I have had several opportunities to develop approaches and executions to help charities be ready to fundraise as soon as a natural disaster occurs. It’s not an easy task but being prepared has ensured these organisations are able to give their donors and the public a quick and easy way to support.

Here are my ideas to help you be prepared to fundraise in an emergency.

Firstly, we work with internal stakeholders to confirm the key channels possible for donors to give to your organisation in response to an emergency. It’s likely your negotiation skills will be required because I push for a 24 turn around even if it’s a weekend so getting buy in is critical! When I worked with Oxfam NZ to develop their approach for Typhoon Haiyan, we managed to get the first emergency response appeal out the door in 24 hours, and we used the learnings from this to update the agreed process, so when Cyclone Pam hit four months later the process went even smoother.

Most importantly, ask yourself can the organisation manage the response handling process during an emergency situation for each of these channels? The failure of a response channel working can be more detrimental than not using the channel at all.

Next we create templates with prepared disaster imagery and copy to major audiences for these channels. Direct mail, email and a simple homepage banner or story linking to an appeal specific landing page would be my top three priorities. Direct mail, email and the website real estate works for both warm and new donors. The more content we can template and have approved in advance the quicker the turnaround during an emergency.

Social media can be rapidly developed and deployed if and when you need to, so this doesn’t need as much preparation as the other channels do but do have a process timelines for how this is developed and who is responsible.

When working through the templates my approach is to ensure we have:

  • a compelling, emergency lead proposition
  • design that allows for quick and easy updating and is efficient from a printing perspective
  • appropriate content and copy for a two-page letter (typically longer is better but in response to an emergency you will have a compelling enough story and ask to make, so keep it short and sweet), simple emergency driven lifts (with at least one specifically developed to be adapted for the emergency in question)
  • an acknowledgement strategy that credits the supporter for their donation to the emergency specifically (no generic thank you copy please!) and increases their desire for future involvement with your organisation

I love the data team here at Pareto as they make the next bit easy for my clients and me.

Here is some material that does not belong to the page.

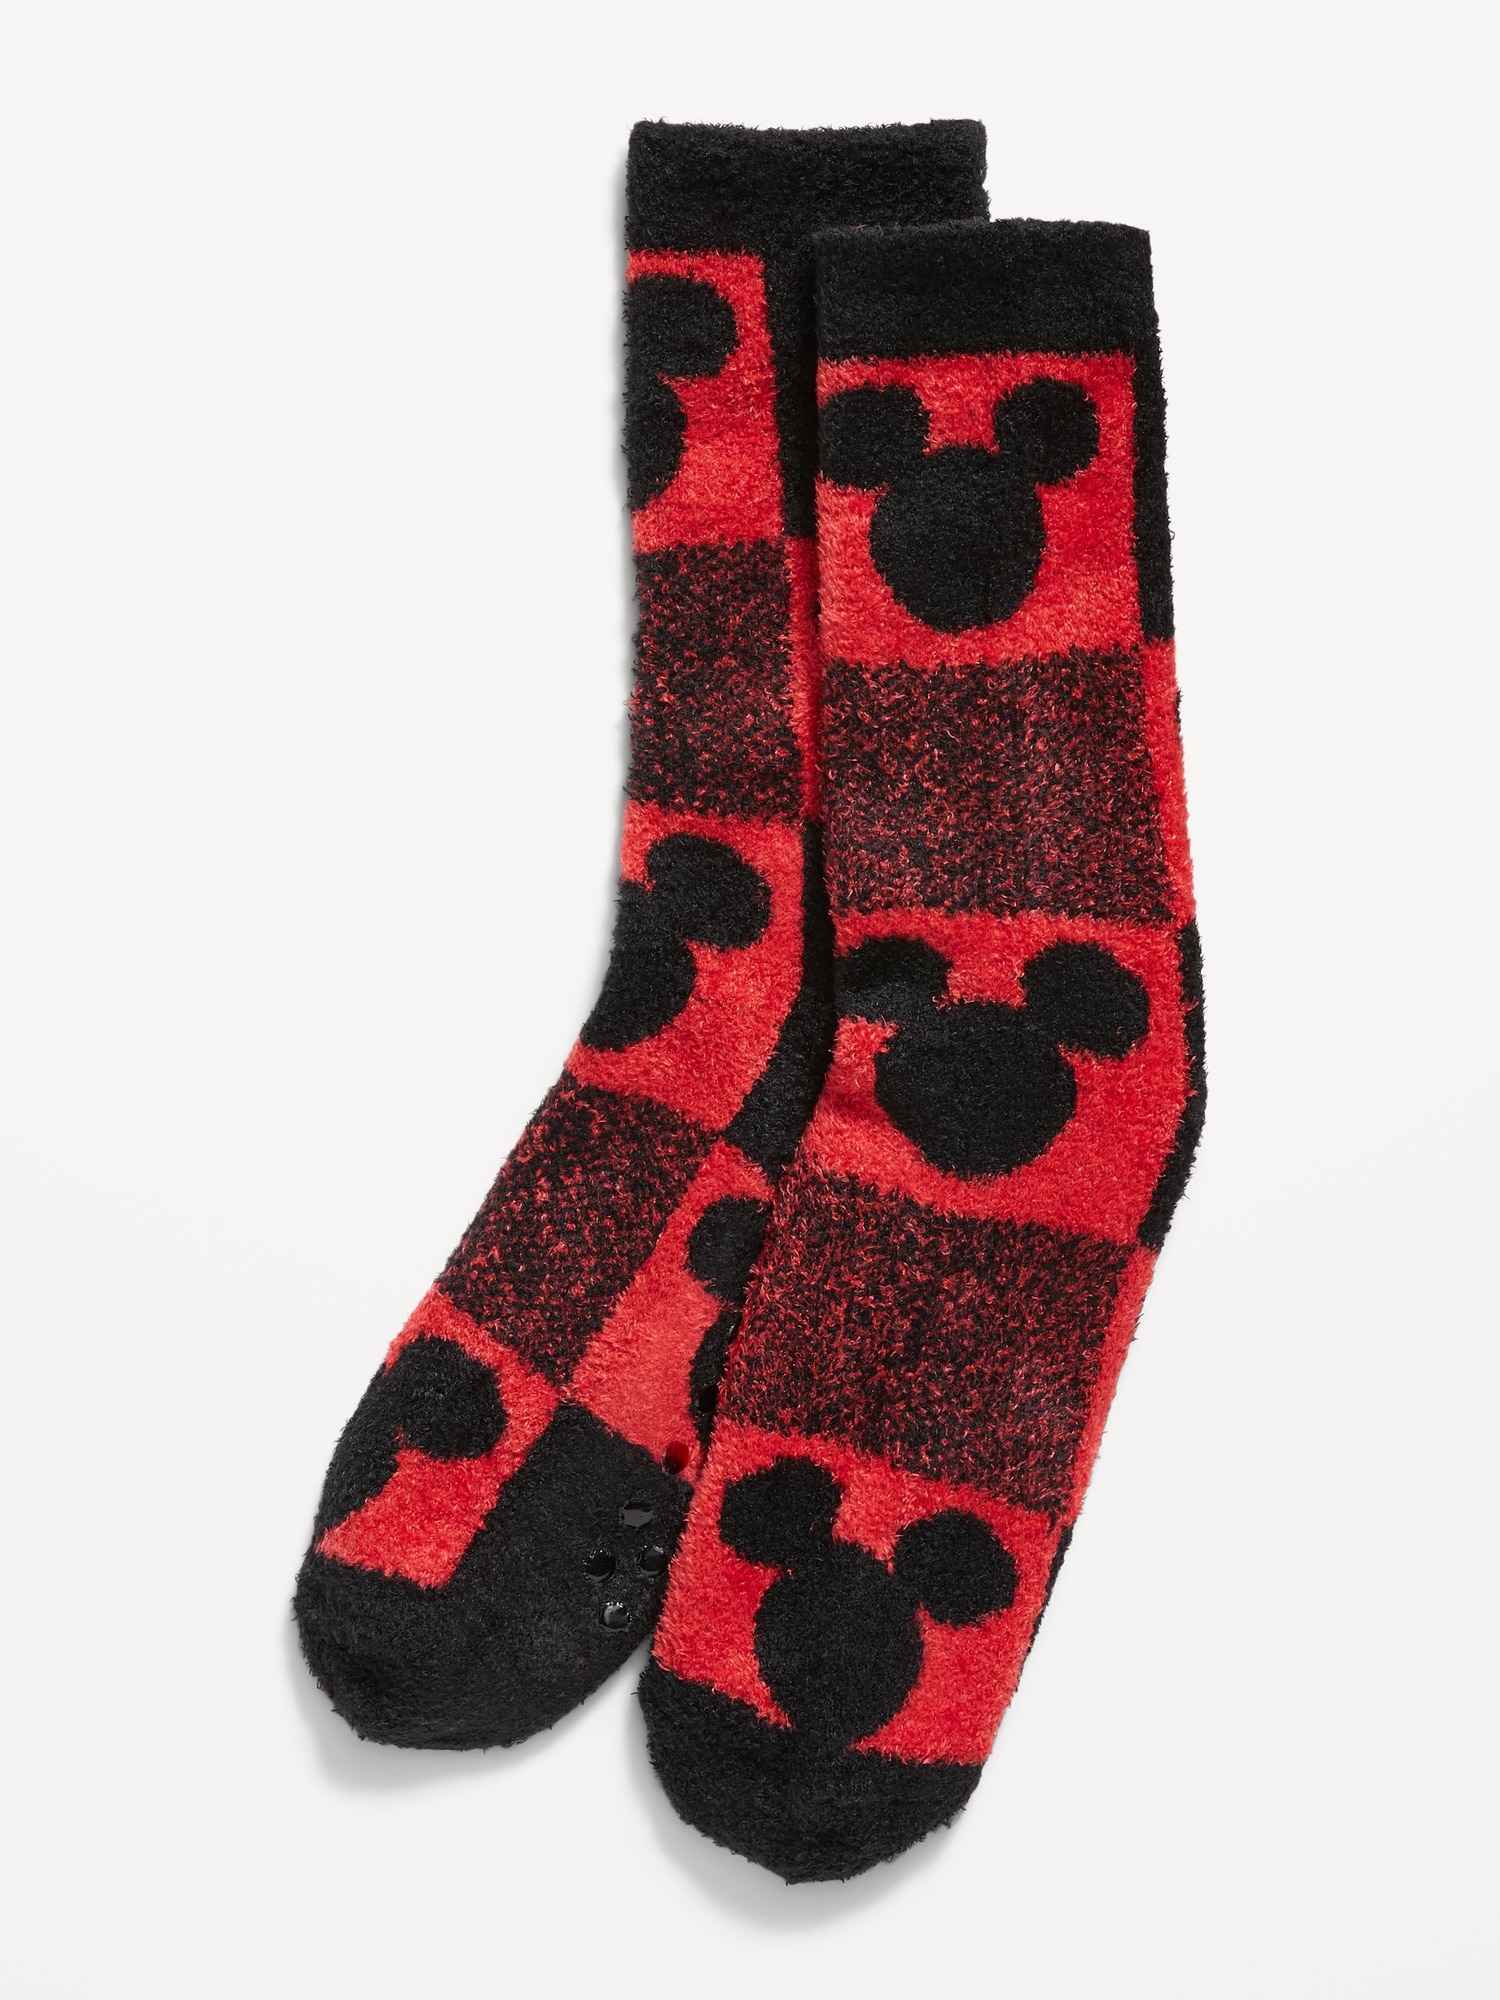 Disney© Mickey Mouse Cozy Socks for Men | Old Navy

  1. Review your segmentation and confirm the donor segments most likely to respond to an emergency ask, ensuring an appropriate ask strategy is agreed and in place for each
  2. For donors with an email address, prioritize the output file for this group so you can get an ask out quickly
  3. The DM mailfile shouldn’t take you longer than 12 hours to produce

One of the great things about partnering up for my clients is they delegate this responsibility to us – so one of our data team could be generating email and mail files from the updated monthly data supply we hold for them at any time of the day/night.

You should be aiming to brief your printer and mailhouse within 24 hours. Engage your key suppliers early, get them enthused about the prospect of helping during an emergency by prioritising your job for quick turnaround (and of course thank them profusely once it’s all done and dusted).

Once all of the preparation has been done, responding to your next fundraising emergency will be easier. But what is more important is what comes next.

New emergency donors are decent prospects for subsequent giving if you plan your follow up. The primary problem is when they make the donation, their priority is helping the disaster victims rather than starting a relationship with any one charity.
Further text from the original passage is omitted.